Our sustainability rating explained
The Storebrand Group's sustainability rating assigns scores to the companies in our funds on the basis of risks and opportunities linked to environmental, social and corporate governance (ESG) factors. For clients and other stakeholders, it provides an overall picture of sustainability elements in our funds.
The scale ranges from 1 to 10. A rating of 10 means that a fund has a low sustainability risk and a high proportion of companies that contribute to the Global Goals for Sustainable Development. Note that companies with operations in developed markets such as Europe and the USA often have a higher sustainability rating than those in emerging markets. The sustainability rating is relevant for all asset classes.
The sustainability rating should not be seen as a recommendation to buy, hold or sell fund units or to make investment decisions. We reserve the right to make any errors in information.

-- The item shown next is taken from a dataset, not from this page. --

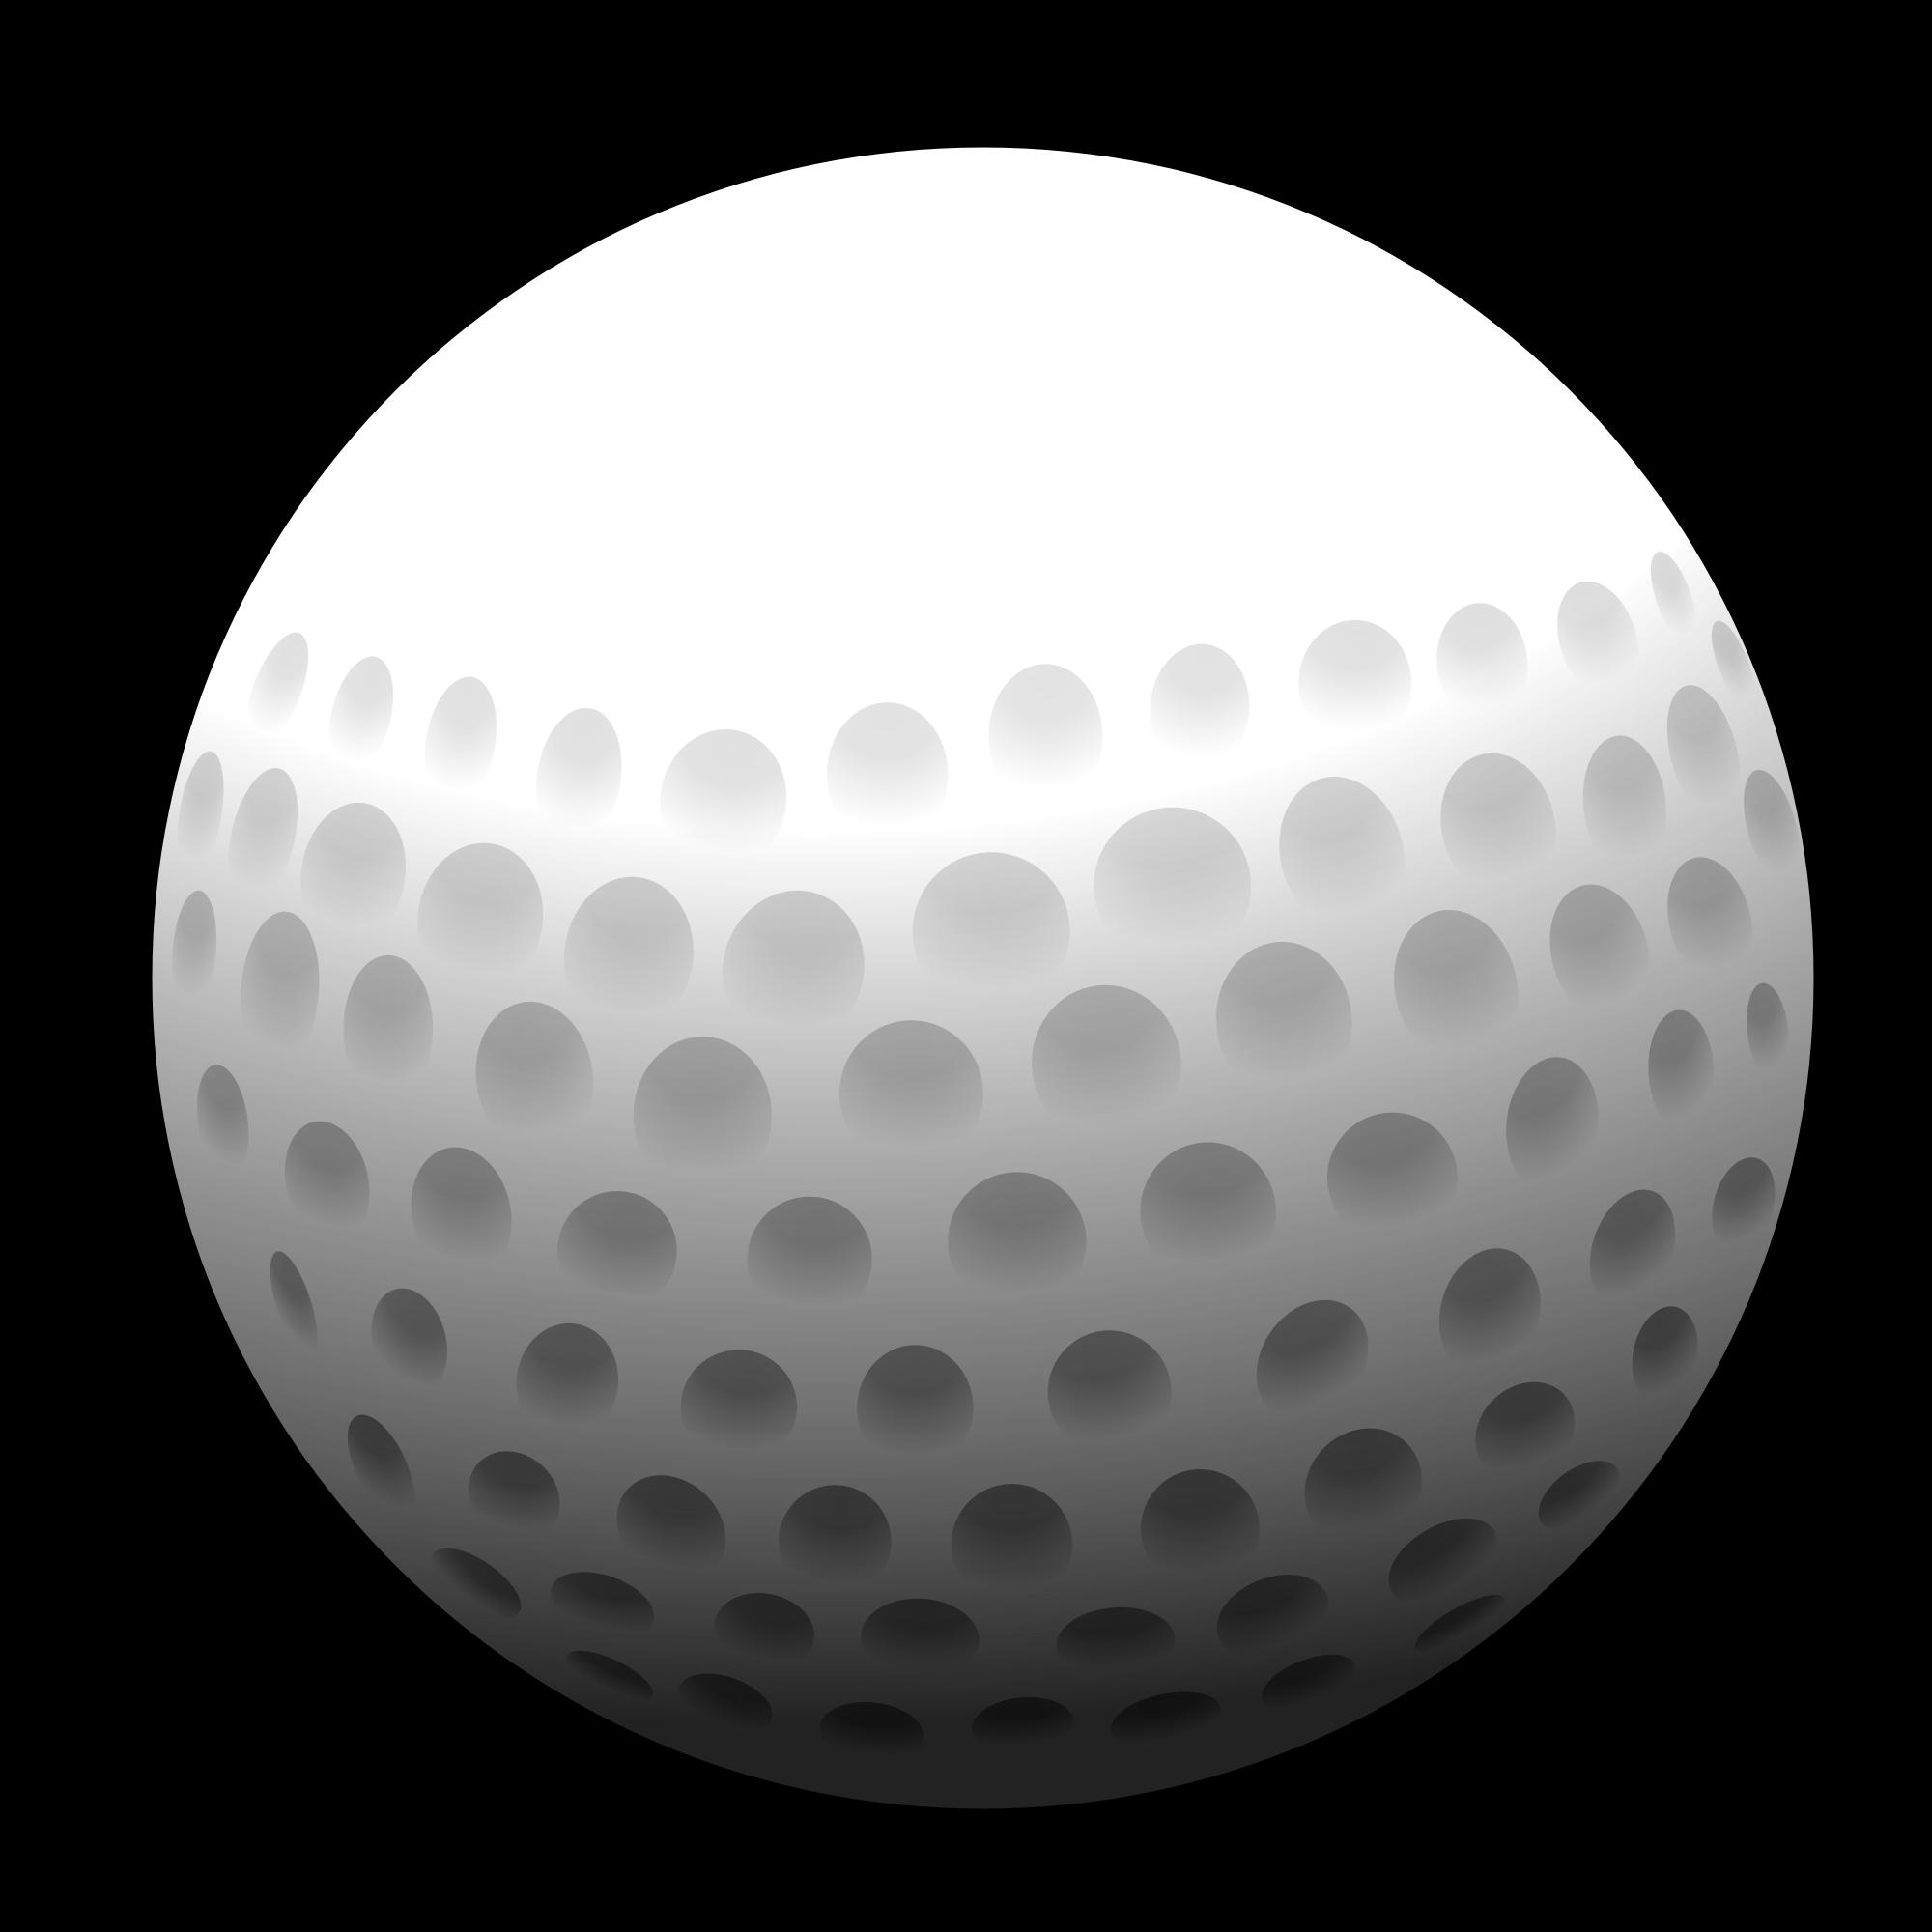 png golf ball transparent golf ball png images pluspng rh pluspng com golf ball on tee graphic golf ball graphics free

The rating is made up of two elements: 50% ESG risk and 50% opportunities linked to the Global Goals. The risk component is based on data from Sustainalytics' ESG Risk Rating, which measures companies' exposure to and management of financially relevant sustainability risk. For the remaining 50%, ESG data sources are analysed to find companies with products and services that make a positive contribution to meeting financially relevant sustainability goals linked to the Global Goals. Storebrand carries out an internal company analysis, using data from FTSE Russell Green Revenue. For Global Goals, gender equality in companies is also taken into account.
In addition to Storebrand's own analysis, we also use data from these carefully selected, high-quality data providers:
- ESG Risk Score: Sustainalytics ESG Risk Rating (50%)
- SDG Score - Products & Services: FTSE Russell Green Revenue and Internal Analysis (40%)
- SDG Score - Business: Equileap Gender Equality Data (10%)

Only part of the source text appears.